This task was done according to consuming-an-api-assignment-1-.pdf which I'm not publishing here for privacy reasons.
Please put your client_id
into config.php
. Without it, the script won't function. I'm not publishing my client_id
in the repository for security concerns (storing passwords and keys in any repository, even private one, is not really a good idea).
After you've put client_id
into configuration file, simply run index.php
. It could be run either from CLI or via web-server.
Encoding is needed for the longest post to be calculated properly. During development I noticed that current API returns data in UTF-8 encoding, so I created a constant for the encoding in Analyzer
class. It's used only once by a mb_strlen() function.
Since the exact format of the stats output was not detailed (other than being a JSON), I'm return a rather simple JSON object. It has 4 keys, namely a
, b
, c
, and d
. Each of the objects has one key describing what exactly it is returning and another key for the data itself.
-
I was not sure what to return here - one average number for all the users, or an array of averages for all users, so I'm returning both.
-
Task says API will provide "1000 posts over a six month period", but I didn't like the idea of relying on this magic 6 constant. Here's the quote from the code in
Analyzer.php
:This is tricky.
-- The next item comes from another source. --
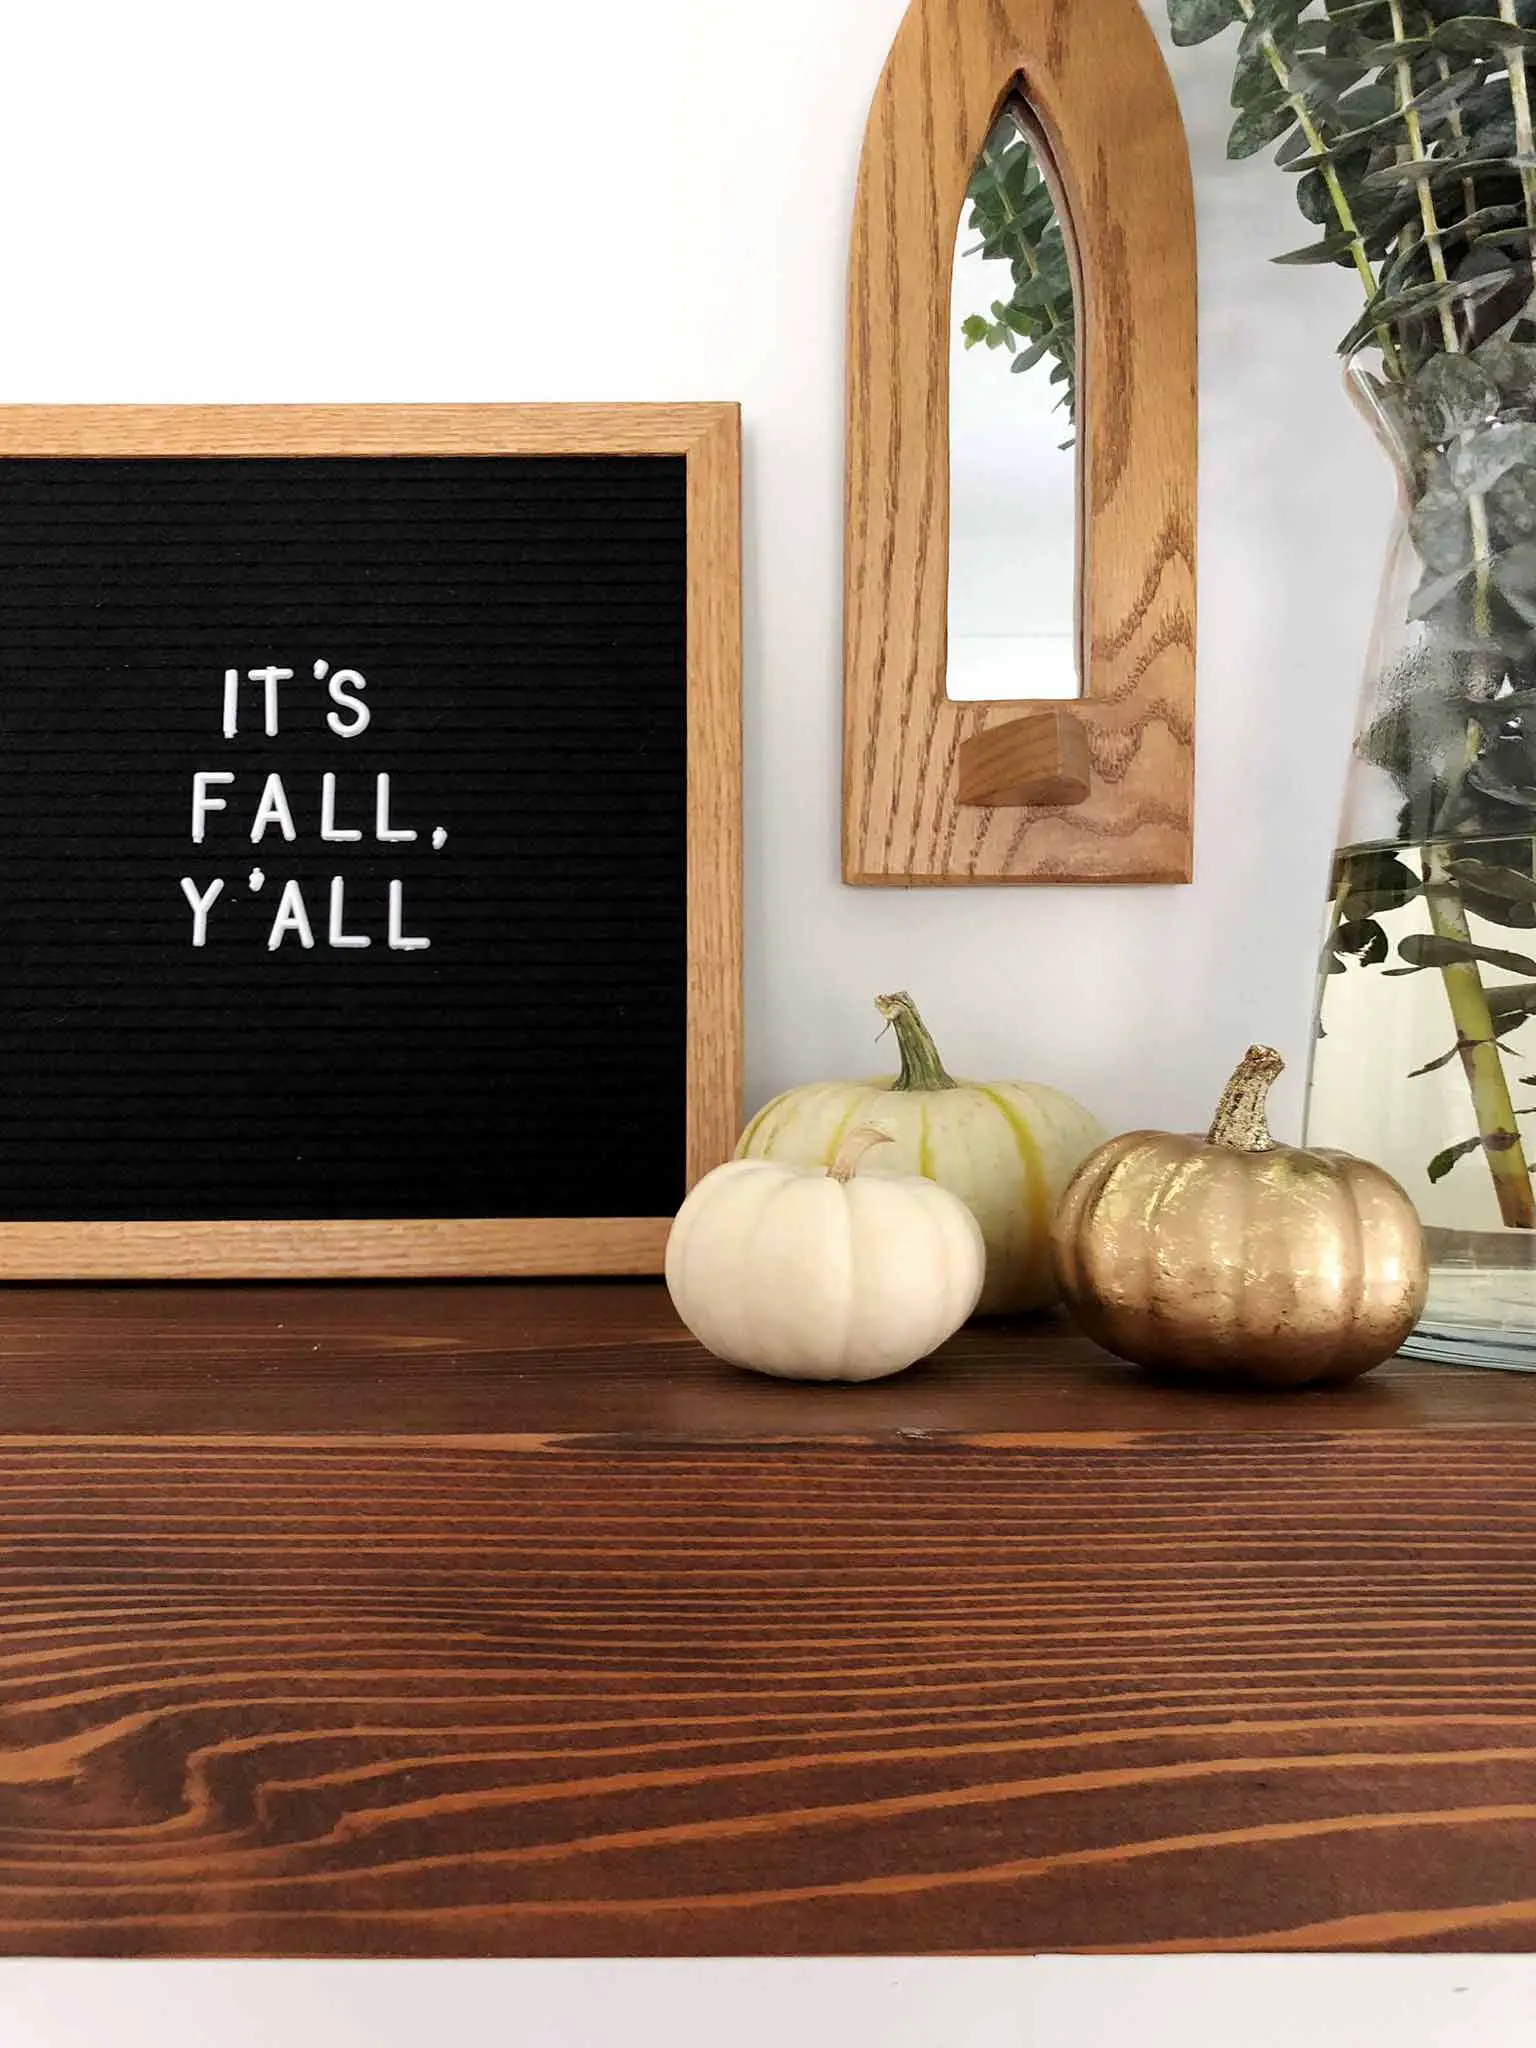 Mantel with a letterboard and pumpkins - Simple Fall Decor for the Uncluttered Home - That Homebird Life blog

Task says "1000 posts over a six month period". But what if we get 1000 posts within last month only? Hard-coding 6 seems to be too optimistic, so instead we record the earliest post and the latest post from the feed. Then we calculate an approximate (and decimal) number of months between two timestamps ($months). So then we divide number or posts by $months. (during development I got data feed that led to $months being slightly greater than 6.2) This way this metrics depends on data only, not on an external promise.
Whenever required, script generates months' and weeks' numbers according to ISO 8601. Examples:
- week:
2020W35
- month:
2020-09
This implementation contains no tests. The code is split into 2 independent classes: Analyzer
and Talker
to comply with a single-responsibility principle and make testing easier: test the analyzer separately (doesn't depend on API), test the talker separately (doesn't need to do anything besides fetching data).